On Wednesday, 23 July 2025 12:19:42 CEST Patryk Bełzak via slurm-users wrote:
Hi,
we've recentry upgraded our slurm from 24.11.3 to 25.05.1 and it seems that since the upgrade the ssh X11 forwaring is broken.
Quick recap -
- on Monday 14'th I performed slurdbd and slurmctld upgrades - X forwarding
was still working * on Tuesday 15'th I performed slurmd upgrades - X forwarding stopped working
The issue is very hard to determine and it looks like it sits somhere in slurm code. You can submit a job with --x11 and it starts corretly. Xauthority is created, you have all the magic cookies needed, but when you try to start any application, you get error related to permissions I guess, see for yourself:
me@sand ~ ssh -X -Y ui [wcss] me@ui.wcss.pl:~ > srun -p lem-cpu-short -A kdm-staff --gres=storage:local:50G -c 12 --mem 12G -t 1:0:0 --x11 --pty /bin/bash [wcss] me@r17ch05b01 ~ > xauth list r17ch05b01.lem.kdm.wcss.pl/unix:91 MIT-MAGIC-COOKIE-1 d82a2efd [wcss] me@r17ch05b01 ~ > xterm xterm: Xt error: Can't open display: localhost:91.0 [wcss] me@r17ch05b01 ~ > date && telnet -4 localhost 6091 || date Wed Jul 23 12:02:39 CEST 2025 Trying 127.0.0.1... Connected to localhost. Escape character is '^]'. Connection closed by foreign host. Wed Jul 23 12:02:41 CEST 2025
As you can see the connection to port is being dropped/killed after a second or two. Now, it doesn't really matter which flags for ssh you pick (-X or -Y or both). X forwarding is working when you log in as a regular user outside of slurm job. Also if I do ssh localhost inside a job, then I can perform connection to port assigned to $DISPLAY and it isn't dropped - but it doesn't work since $DISPLAY and cookies are being messed up when you perform triple jump and one within same host.
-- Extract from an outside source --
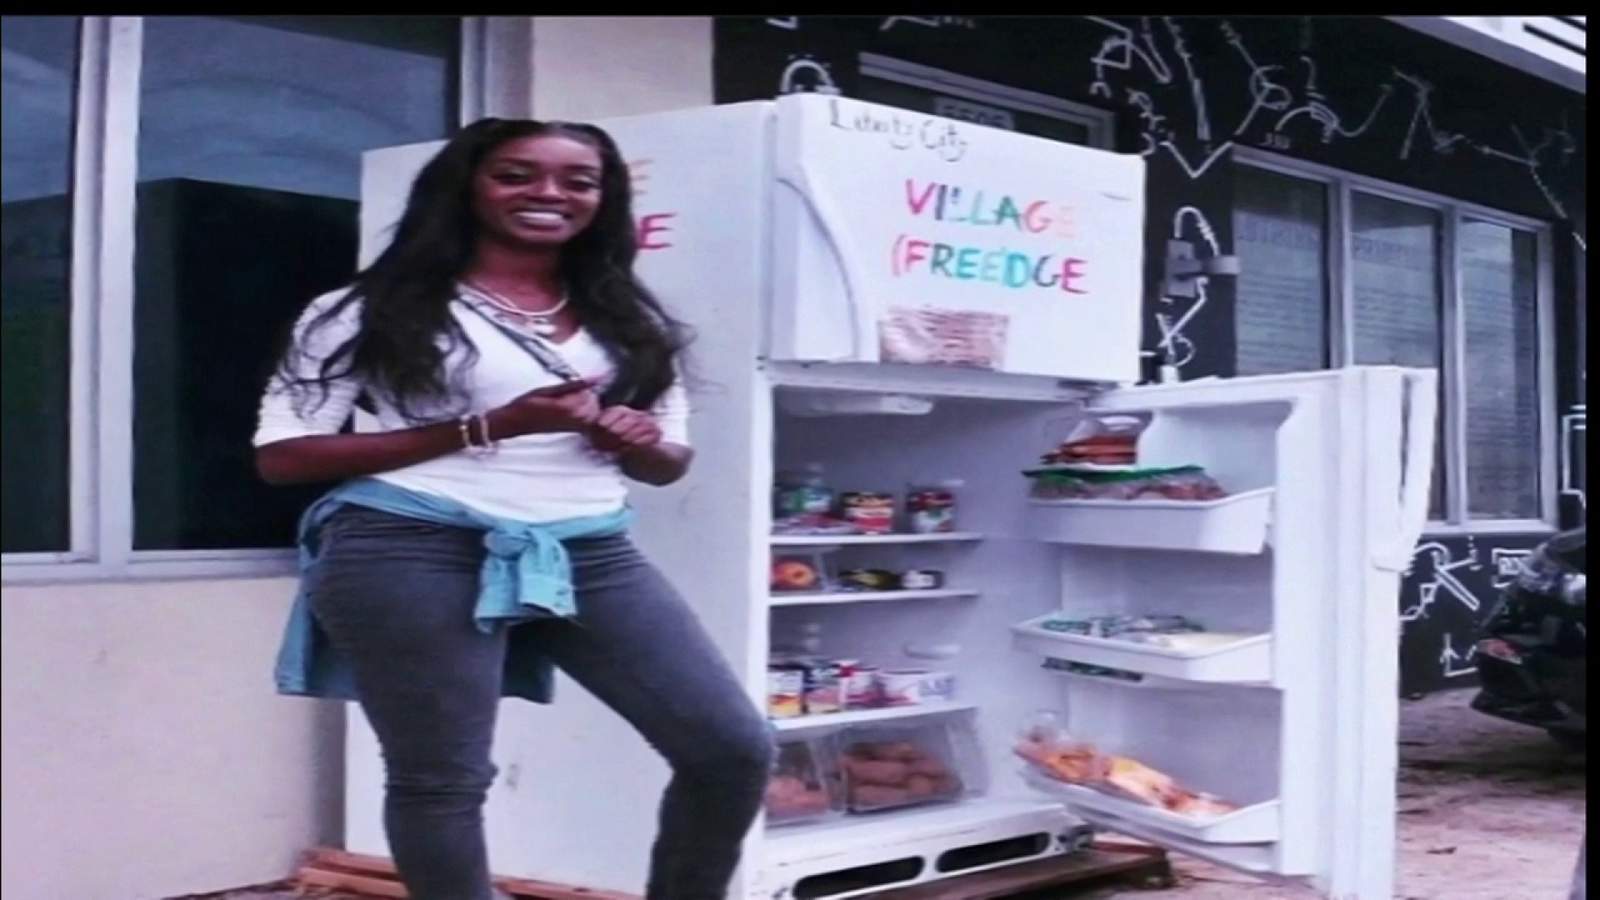 Holiday grinches steal ‘village’ fridge in Liberty City

Our worker nodes are mostly on el9.5 AlmaLinux. Some are on el8.10 - and there acutally you can do some X forwarding but you must use both -X and -Y (which wasn't the case before slurm upgrade). TLS is disabled in slurm.conf. I am 100% sure that both SSHD and Xorg are properly configured.
Has anyone encountered similiar issue? Or any comment from slurm dev team?
Best regards Patryk -- Wroclaw Centre for Networking and Supercomputing
I did create a bug report:
https://support.schedmd.com/show_bug.cgi?id=23190
I got the following response per email: Currently, this bug is showing as unsupported in our system. Unsupported bugs are given a very low priority and most times the unsupported bugs are never reviewed by the support team as their focus is on sites with support contracts.
If you have a support contract you might rice the priority.
regards Markus Köberl